Auch diese, schon geborsten,
kann stürzen
über Nacht.
Ludwig Uhland |
Säulen
sind die senkrecht stehenden Bauelemente, die das Gewicht der Deckenlast
aufnehmen. Ziel einer jeden Konstruktion ist es, ihr Standsicherheit zu
verschaffen. Wenn das statische System von Bauteilen und Konstruktionen nicht im
Gleichgewicht steht, so ist das Bauwerk in sich instabil und es besteht
Einsturzgefahr.
Je
mehr Öffnungen in einer Wand vorhanden sind, desto mehr gelangen Licht und Luft
in das Gebäude. In heißen Klimazonen mit intensiver Sonneneinstrahlung besteht
vermehrt der Wunsch nach Kühle und Schatten. Eine Möglichkeit dem Wunsch Folge
zu leisten sind geschlossene Außenwände, die einerseits tagsüber für Kühle
und Schatten sorgen und andererseits in der Nacht als Wärmespeicher Wärme
abgeben.
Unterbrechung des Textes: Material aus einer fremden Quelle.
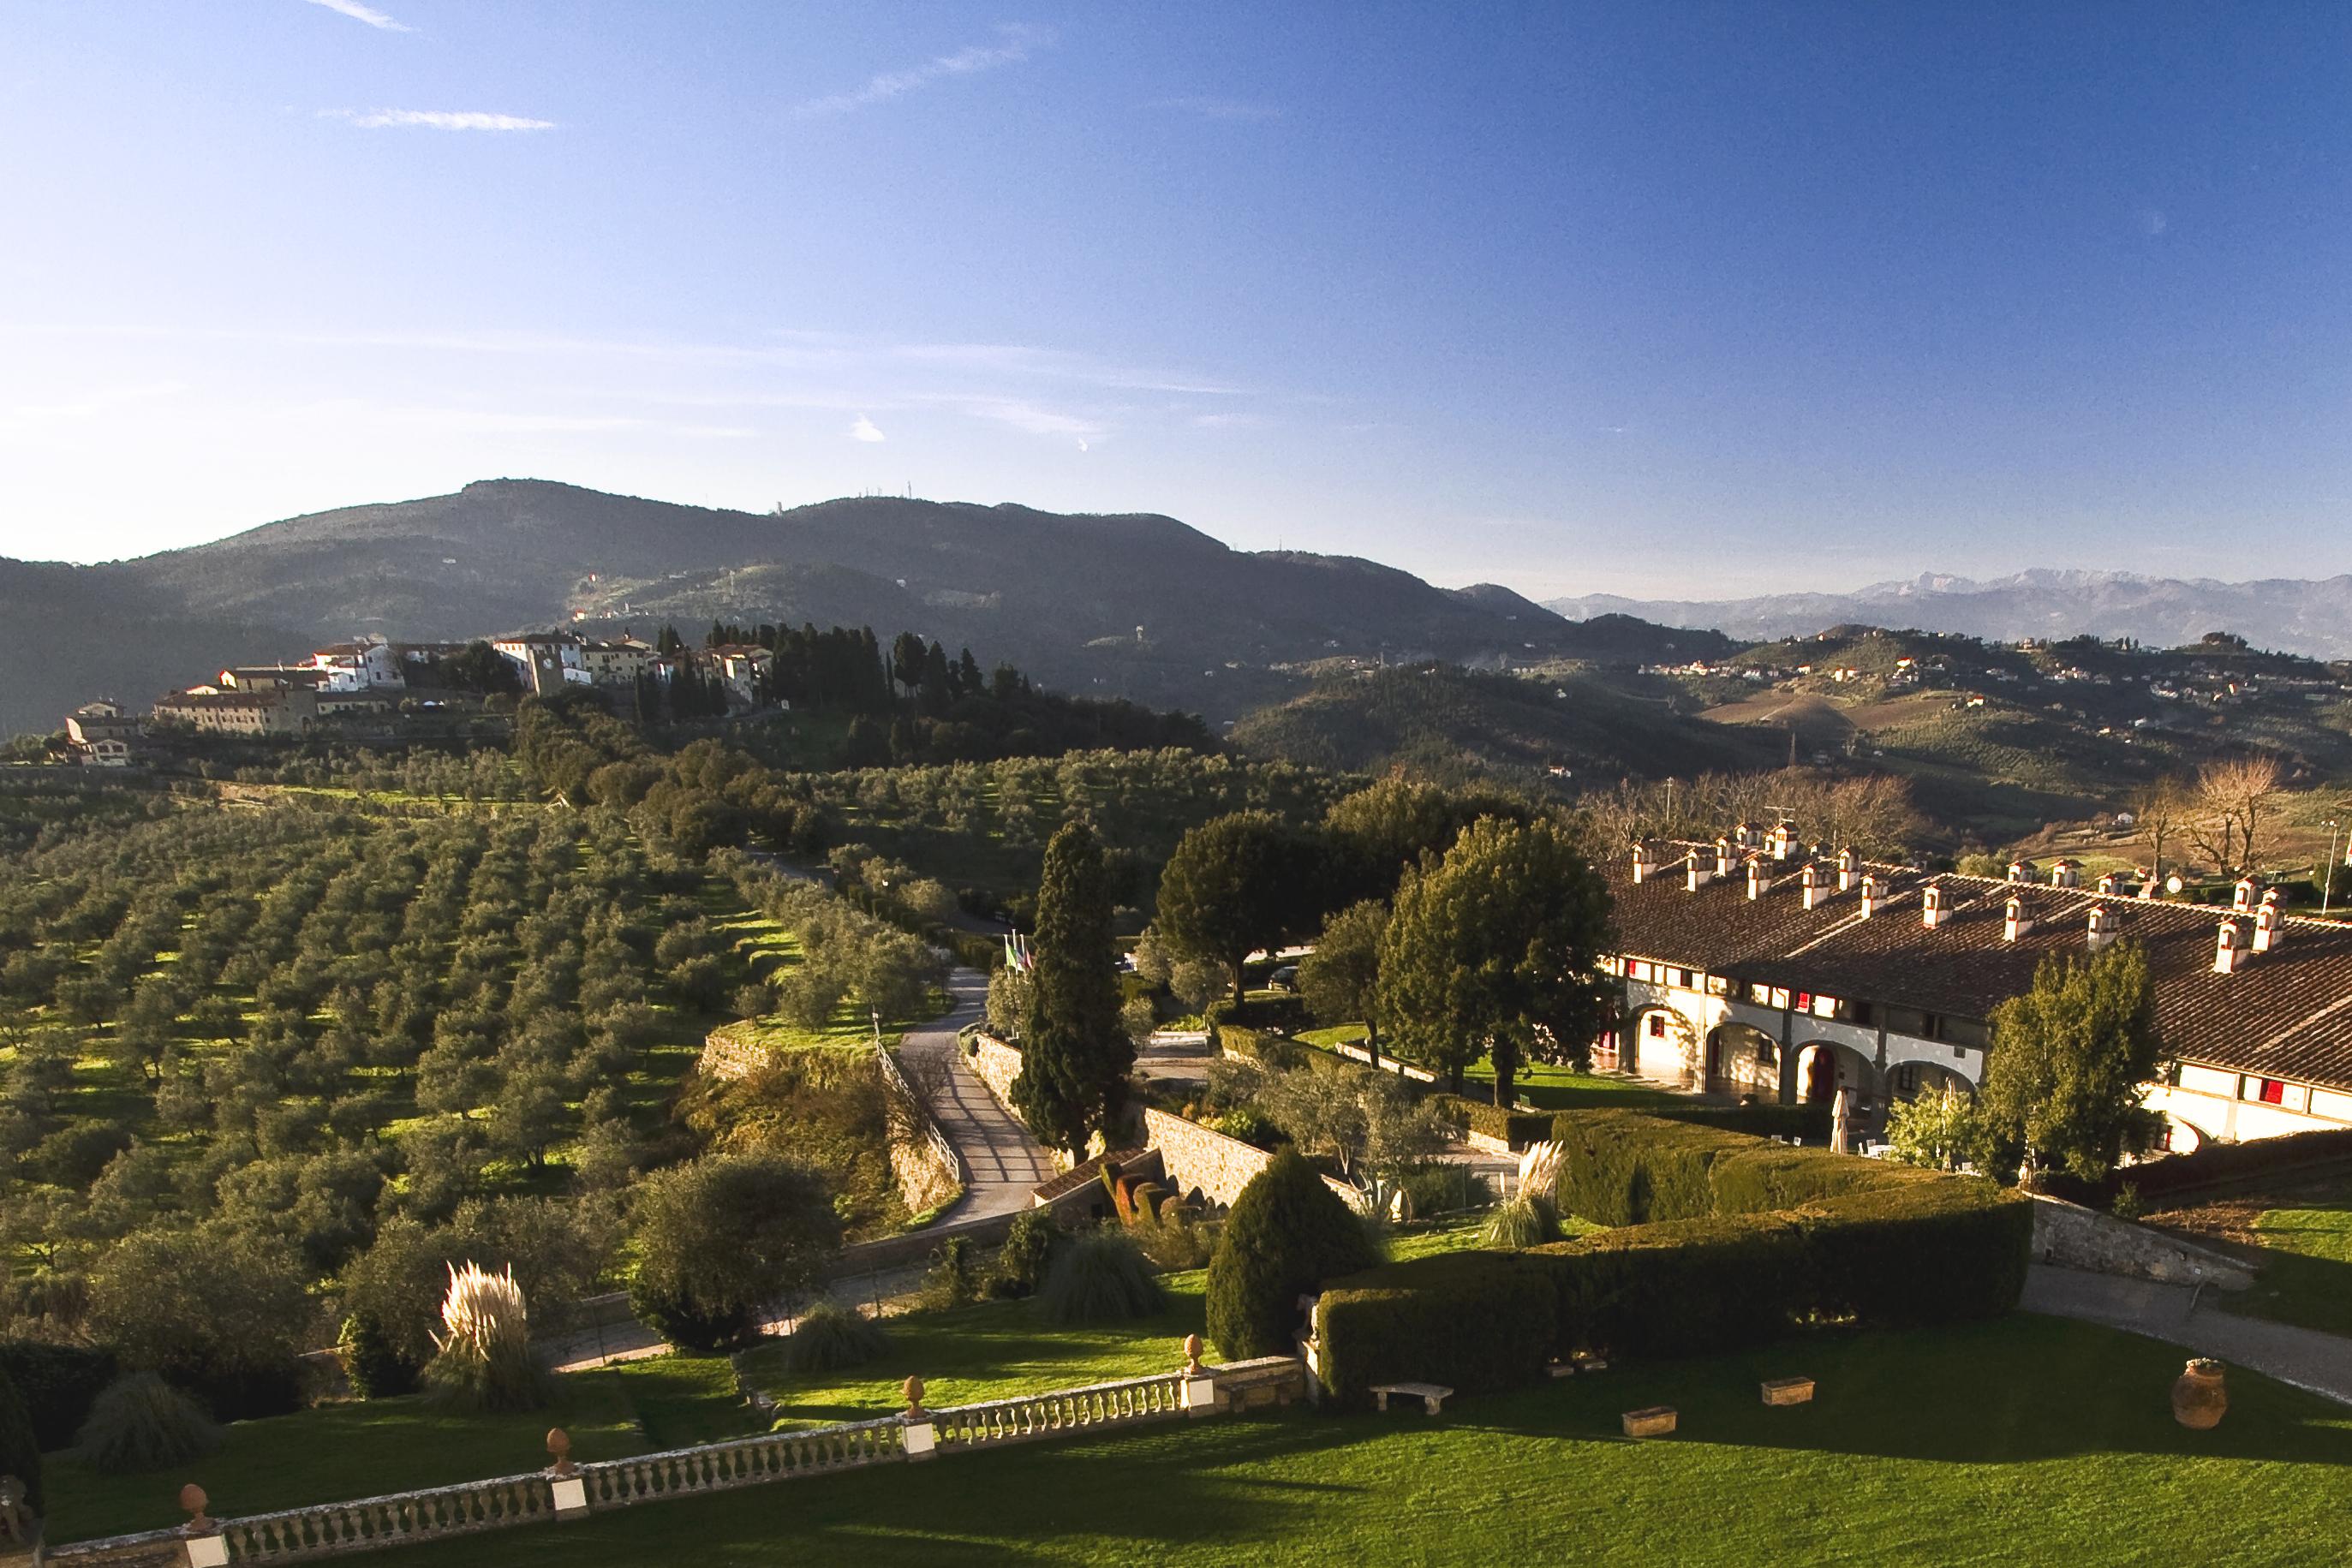 Esterno-Hotel Paggeria Medicea-Artimino-Prato

Je nach Standort des Betrachters wirken die eng nebeneinander stehenden
Säulen im Inneren einer Säulenhalle wie eine geschlossene Wand. In den äußeren
Reihen der Säulenhalle kann Luft durchziehen, Licht und Sonne können
einfallen.
Ein
sehr praktischer Aspekt ist, dass sich die Anzahl der Säulen bei jeder An- oder
Umbaumaßnahme an Palästen und Tempeln beliebig vergrößern läßt.
|
Die
Häuser in frühester Zeit waren mit einem leichten Zelt überdacht und Matten
aus Papyrus und Schilfrohr dienten als Außenwand. Die Decke wurde von einer
einfachen Säule gestützt, die aus einem Baumstamm oder einer Holzstange
bestand. Eine Erdaufschüttung auf dem Boden und eine unter der Decke
eingeklemmte Holzplatte stabilisierten die Säule. Das Material Holz eignete
sich wegen seiner gewachsenen Faserstruktur, der hohen Festigkeit und der Möglichkeit
einfacher Bearbeitung hierzu sehr gut. Zum Schluss wurden die schmucklosen Stützen
mit Pflanzen dekoriert.
Während
der 3. Dynastie ließ Pharao Djoser die ehemals hölzernen Säulen und ihren
Blumenschmuck erstmals in Stein nachbauen. Danach folgten alle Pharaonen seinem
Beispiel und gestalteten ihre Tempel als ein Abbild der Erde.
In
einem Felsbau, der zu Wohnzwecken oder als Grabanlage angelegt worden ist,
wurden steinerne Stützen gegen Einsturzgefahr entweder nachträglich
aufgestellt oder bereits beim Bau der Anlage als Felsblock im natürlichen Fels
stehen gelassen. Primäre Ausgangsform war der vierkantige Pfeiler ohne eine
Basis und ohne Abakus. Erst gegen Ende des Alten Reiches arbeiteten die Handwerker
die Kanten der Pfeiler ab, um eine Säule mit 8 Kanten daraus zu fertigen. Aus
diesen oktogonalen Säulen entwickelten sich, durch weiteres Abarbeiten der
Kanten, die Säulen mit 16 Kanneluren.
Die
Säulen des Alten Reiches wurden aus dem Hartgestein Granit in monolithischer
Form gefertigt. Ab dem frühen Neuen Reich errichteten die Handwerker keine
monolithischen Säulen mehr, sondern fertigten aus Granit, Kalk- oder Sandstein
viele halbe Säulentrommeln für die Säulen an.
|
Die
Handwerker stellten die Säulen ehemals im Steinbruch her und brachten sie in
fertigem Zustand zum Aufstellungsort. Im Steinbruch wurden die Säulen in ganzer
Länge auf dem Fels vorgezeichnet und der umstehende Fels anschließend in einer
tiefen Rinne abgetragen. Dann stiegen die Handwerker in die im Fels eingeschlagene
Rinne hinab und trennten mit ihren Werkzeugen die Säule horizontal vom Fels.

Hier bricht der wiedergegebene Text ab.